Argentina.— El número de empresas registradas en Argentina continúa a la baja durante la administración del presidente Javier Milei, de acuerdo con un análisis de Fundar que muestra una reducción importante del tejido empresarial desde noviembre de 2023.
El dato resulta relevante porque las empresas que dejan de operar representan no solo establecimientos que desaparecen del registro, sino también puestos de trabajo y actividad económica que pueden verse afectados.
Según el Monitor mensual de empresas de Fundar, elaborado a partir de información de la Superintendencia de Riesgos del Trabajo, desde noviembre de 2023 se ha registrado una disminución de más de 28 mil empresas hasta abril de 2026, equivalente a 5.5% del total.
La metodología considera como empresa a las personas físicas o jurídicas que cuentan con al menos un trabajador registrado, por lo que las cifras no incluyen a quienes trabajan exclusivamente por cuenta propia ni al servicio doméstico.
¿Qué sectores han perdido más empresas en Argentina?
El retroceso no se concentra en una sola actividad económica. Fundar señala que 14 de los 18 sectores analizados registraron una disminución en el número de empresas desde el inicio del actual gobierno.
Entre los sectores con mayores pérdidas acumuladas aparecen transporte y almacenamiento, con una reducción de 16.52%; las actividades inmobiliarias, con 13.43%, y la construcción, con 9.15%.
La situación también se ha reflejado en actividades vinculadas con el consumo. En abril de 2026, por ejemplo, el sector de alojamiento y gastronomía fue el que registró la mayor caída mensual, con 3.7% menos empresas.
El panorama empresarial coincide con otros indicadores que muestran dificultades en distintos segmentos de la economía argentina. En mayo de 2026, la producción industrial manufacturera cayó 5.7% interanual, mientras que en los primeros cinco meses del año acumuló una disminución de 3.1%, según datos del Instituto Nacional de Estadística y Censos (Indec).
¿Por qué están cerrando empresas en Argentina?
El número de cierres no puede atribuirse automáticamente a una sola causa. Sin embargo, el debate económico en Argentina se ha centrado en el impacto que tienen las medidas implementadas por el gobierno de Milei sobre las empresas, particularmente las pequeñas y medianas.
La apertura de las importaciones, la evolución del consumo interno, los costos operativos y las condiciones de acceso al financiamiento forman parte de los factores que pueden determinar si una empresa logra mantenerse en funcionamiento.
El propio seguimiento de Fundar muestra casos de compañías que han reducido operaciones, cerrado plantas o ingresado en procesos preventivos de crisis. Entre las causas mencionadas por algunas empresas aparecen la caída del consumo, los costos energéticos, el precio de los combustibles y las dificultades para acceder al crédito.

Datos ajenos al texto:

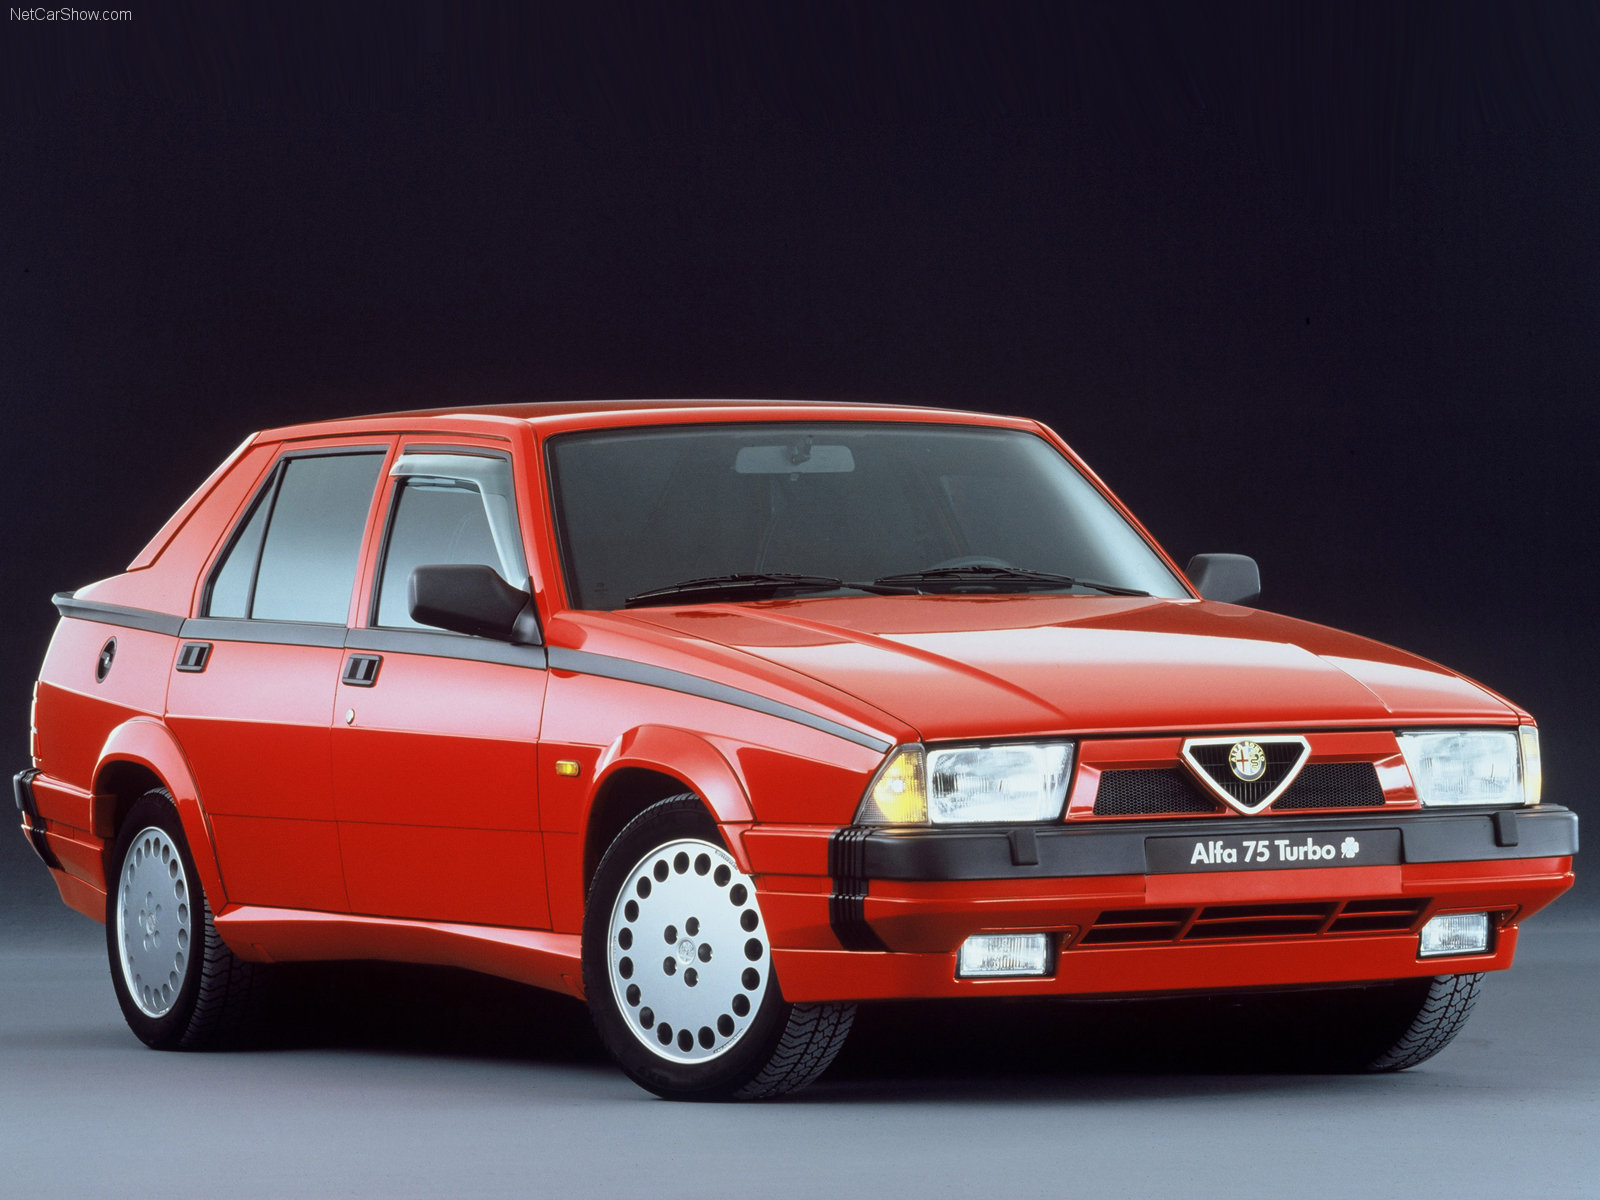 Alfa Romeo 75 Milano
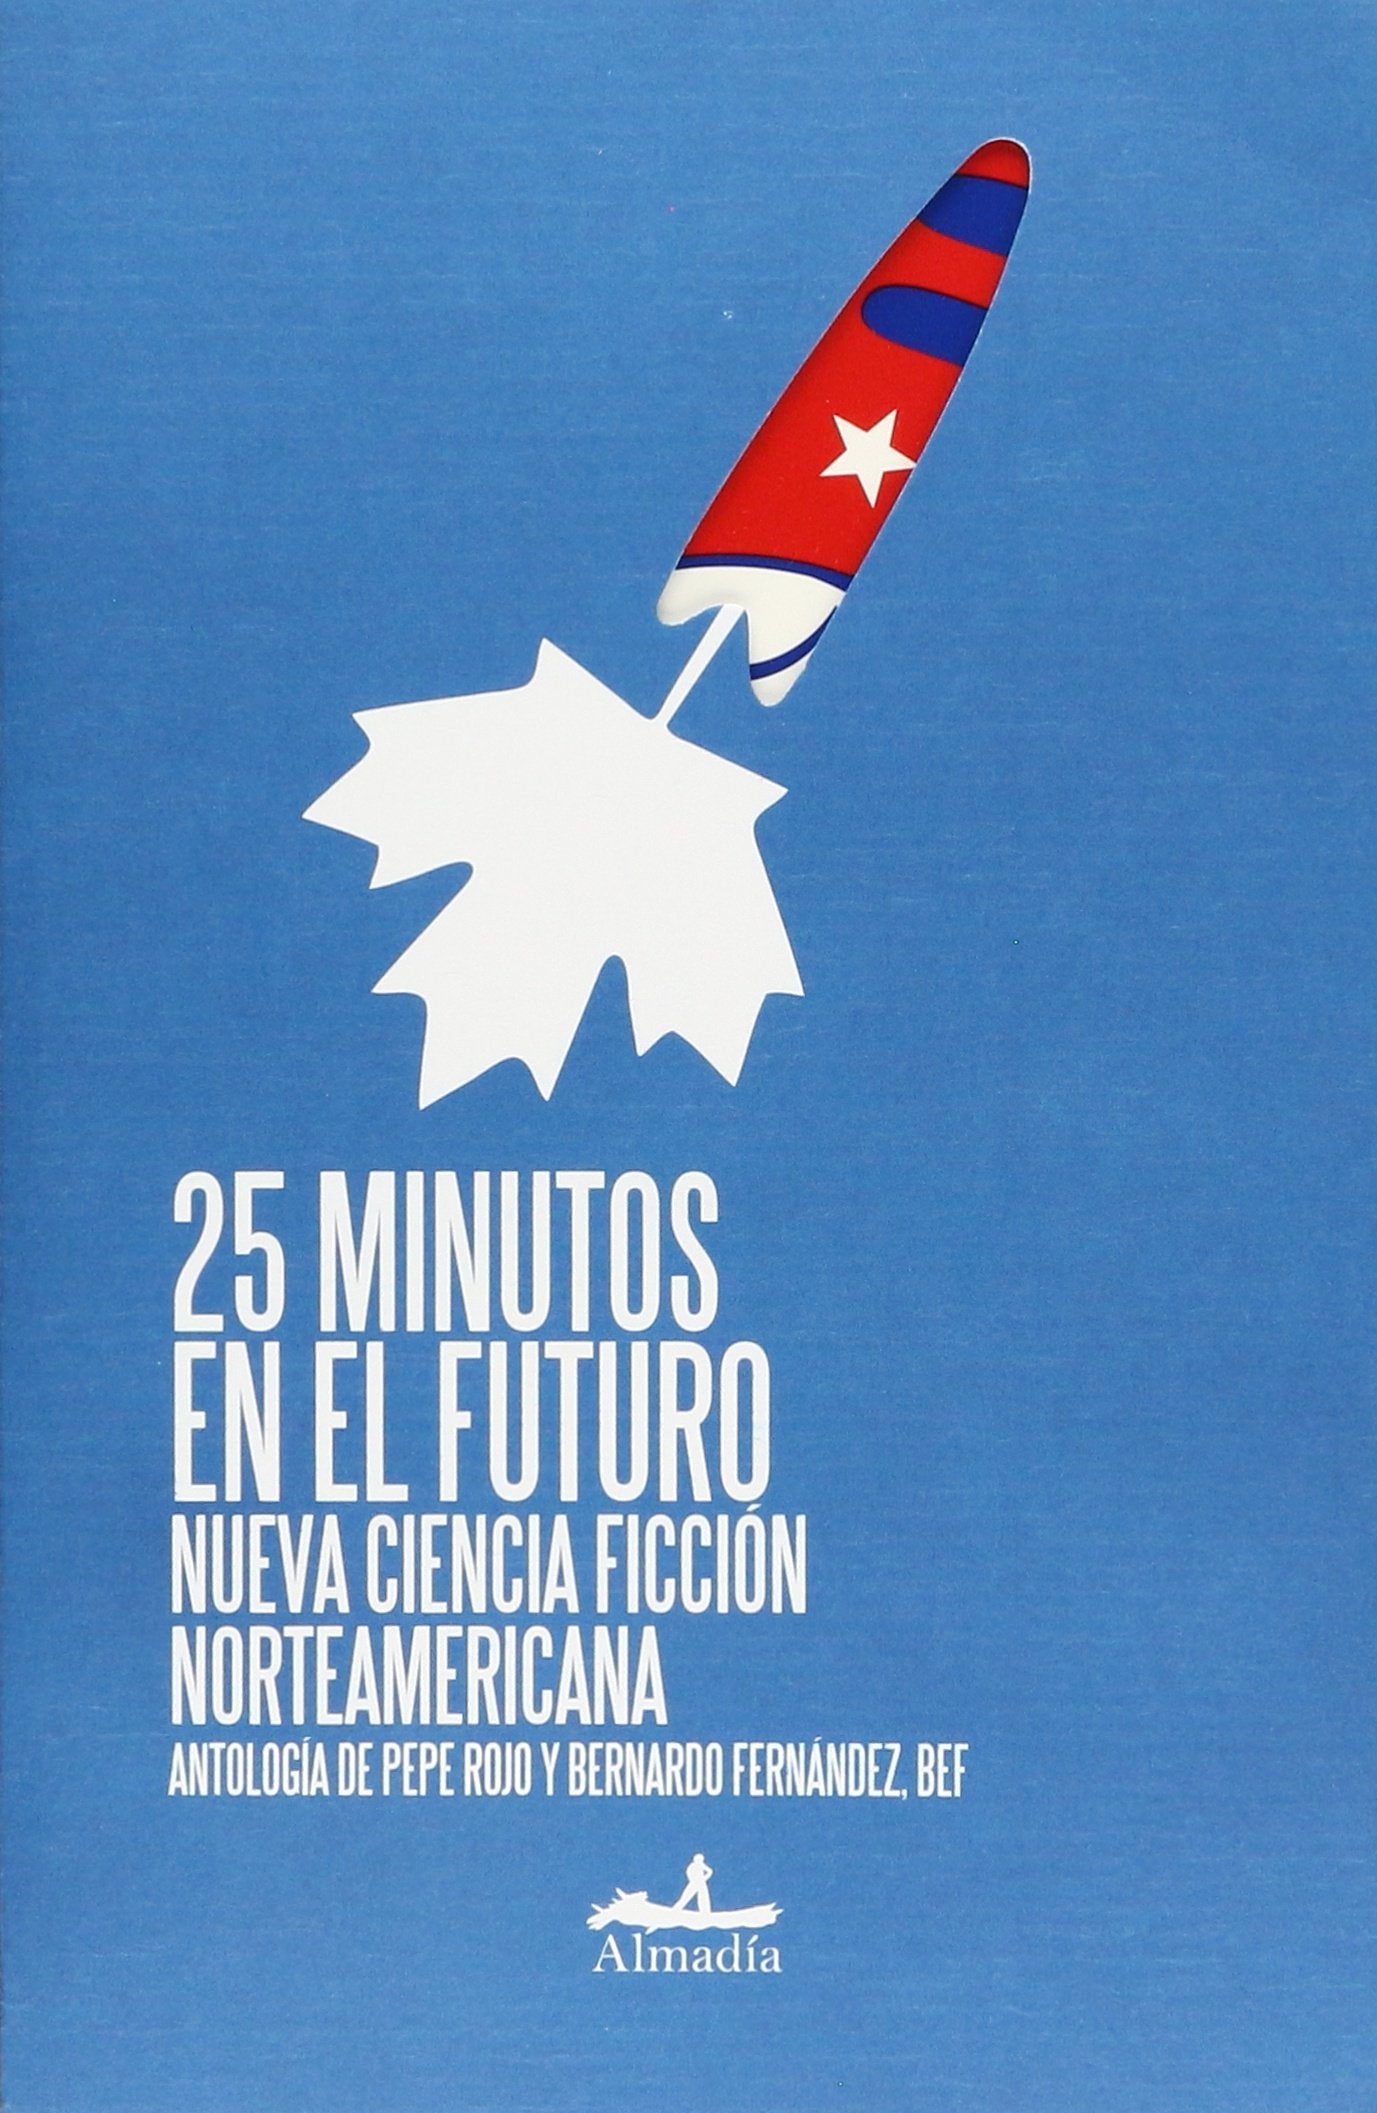 25 MINUTOS EN EL FUTURO -NUEVA CIENCIA FICCION NORTEAMERICANA (Paperback)

Al mismo tiempo, la administración de Milei sostiene una estrategia orientada a modificar profundamente la estructura económica argentina, con medidas destinadas a reducir el tamaño del Estado, desregular actividades y favorecer la inversión privada.
Por ello, las cifras de cierres empresariales forman parte de una discusión económica más amplia: mientras sus críticos advierten sobre el impacto de las políticas de ajuste y apertura comercial, sus defensores argumentan que el proceso busca corregir desequilibrios acumulados durante años.
Argentina enfrenta un escenario empresarial complicado
Los datos disponibles muestran que la reducción del número de empresas no se limita a un periodo aislado.
El Monitor de Fundar señala que en abril de 2026 se registró la decimoquinta caída mensual consecutiva y que, respecto de abril de 2025, había 14 mil 338 empresas menos.
Además, 23 de las 24 provincias argentinas presentaban una disminución en la cantidad de empresas desde la llegada del actual gobierno. La única excepción era Neuquén, que mostraba un crecimiento de 1.9% respecto de noviembre de 2023.
Esto significa que el fenómeno tiene una dimensión nacional y no se concentra únicamente en Buenos Aires.
¿El cierre de empresas significa que la economía argentina está peor?
Esta es quizá la pregunta más importante detrás de las cifras.
El cierre de miles de empresas representa un golpe para determinados sectores y trabajadores, pero por sí solo no permite medir toda la evolución de una economía. También es necesario observar la creación de nuevas compañías, la inversión, el empleo, los salarios, el consumo y la productividad.
La administración de Milei ha apostado por una transformación económica de gran alcance. El desafío será determinar si los costos de esa transición terminan compensándose con una recuperación sostenida de la inversión y la actividad productiva.
Y mi pregunta es:
¿Cuánto tiempo puede soportar una economía la desaparición de empresas antes de que el impacto se refleje de manera más profunda en el empleo y el consumo?